You are viewing a plain text version of this content. The canonical link for it is here.

Posted to user@ignite.apache.org by Akash Shinde <ak...@gmail.com> on 2020/06/06 13:15:37 UTC

Countdown latch issue with 2.6.0

Hi,
Issue: Countdown latched gets reinitialize to original value(4) when one or
more (but not all) node goes down. (Partition loss happened)

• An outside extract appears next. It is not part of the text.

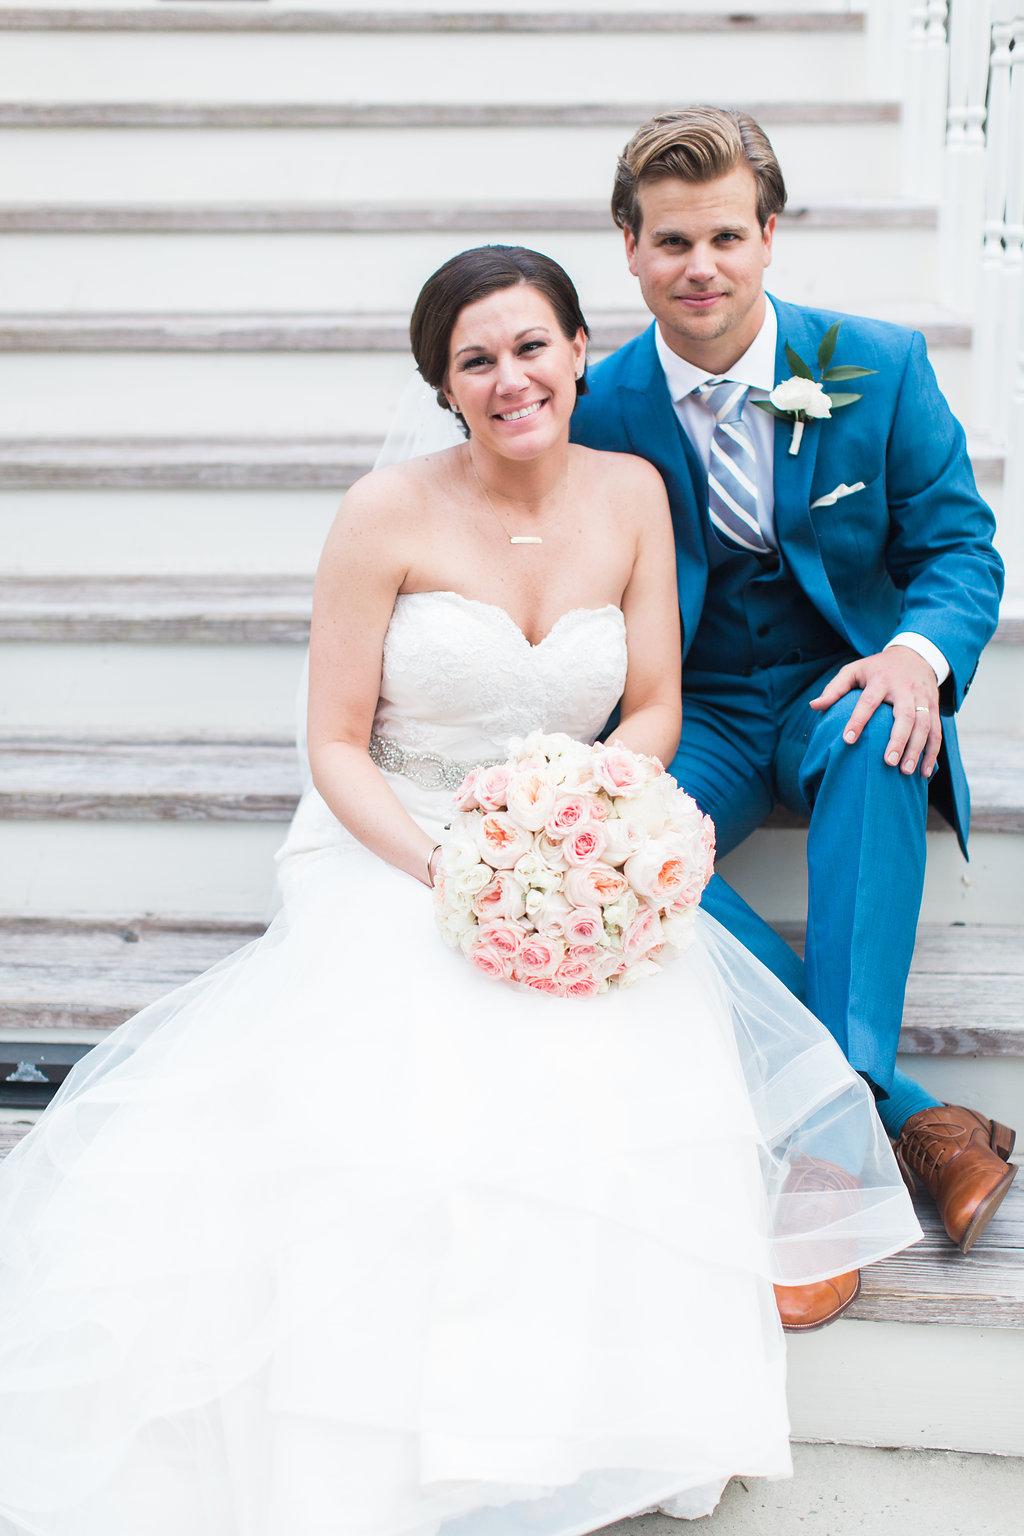 apt-b-photography-ivory-and-beau-bridal-boutique-savannah-florist-savannah-wedding-flowers-savannah-wedding-planner-tybee-island-wedding-chapel-wedding-rose-bouquet-blush-wedding-tybee-wedding-savannah-weddings-savannah-flowers-37.jpg

We are using ignite's distributed countdownlatch to make sure that cache
loading is completed on all server nodes. We do this to make sure that our
kafka consumers starts only after cache loading is complete on all server
nodes. This is the basic criteria which needs to be fulfilled before starts
actual processing


 We have 4 server nodes and countdownlatch is initialized to 4. We use
"cache.loadCache" method to start the cache loading. When each server
completes cache loading it reduces the count by 1 using countDown method.
So when all the nodes completes cache loading, the count reaches to zero.
When this count  reaches to zero we start kafka consumers on all server
nodes.

 But we saw weird behavior in prod env. The 3 server nodes were shut down
at the same time. But 1 node is still alive. When this happened the count
down was reinitialized to original value i.e. 4. But I am not able to
reproduce this in dev env.

 Is this a bug, when one or more (but not all) nodes goes down then count
re initializes back to original value?

Thanks,
Akash

Re: Countdown latch issue with 2.6.0

Posted by Alexandr Shapkin <le...@gmail.com>.

Hi,

Have you tried to reproduce this behaviour with the latest release - 2.8.1?
If I remember correctly, there were some fixes regarding the partition
counters mismatches, for sample:
https://issues.apache.org/jira/browse/IGNITE-10078



-----
Alex Shapkin
--
Sent from: http://apache-ignite-users.70518.x6.nabble.com/

Re: Countdown latch issue with 2.6.0

Posted by Akash Shinde <ak...@gmail.com>.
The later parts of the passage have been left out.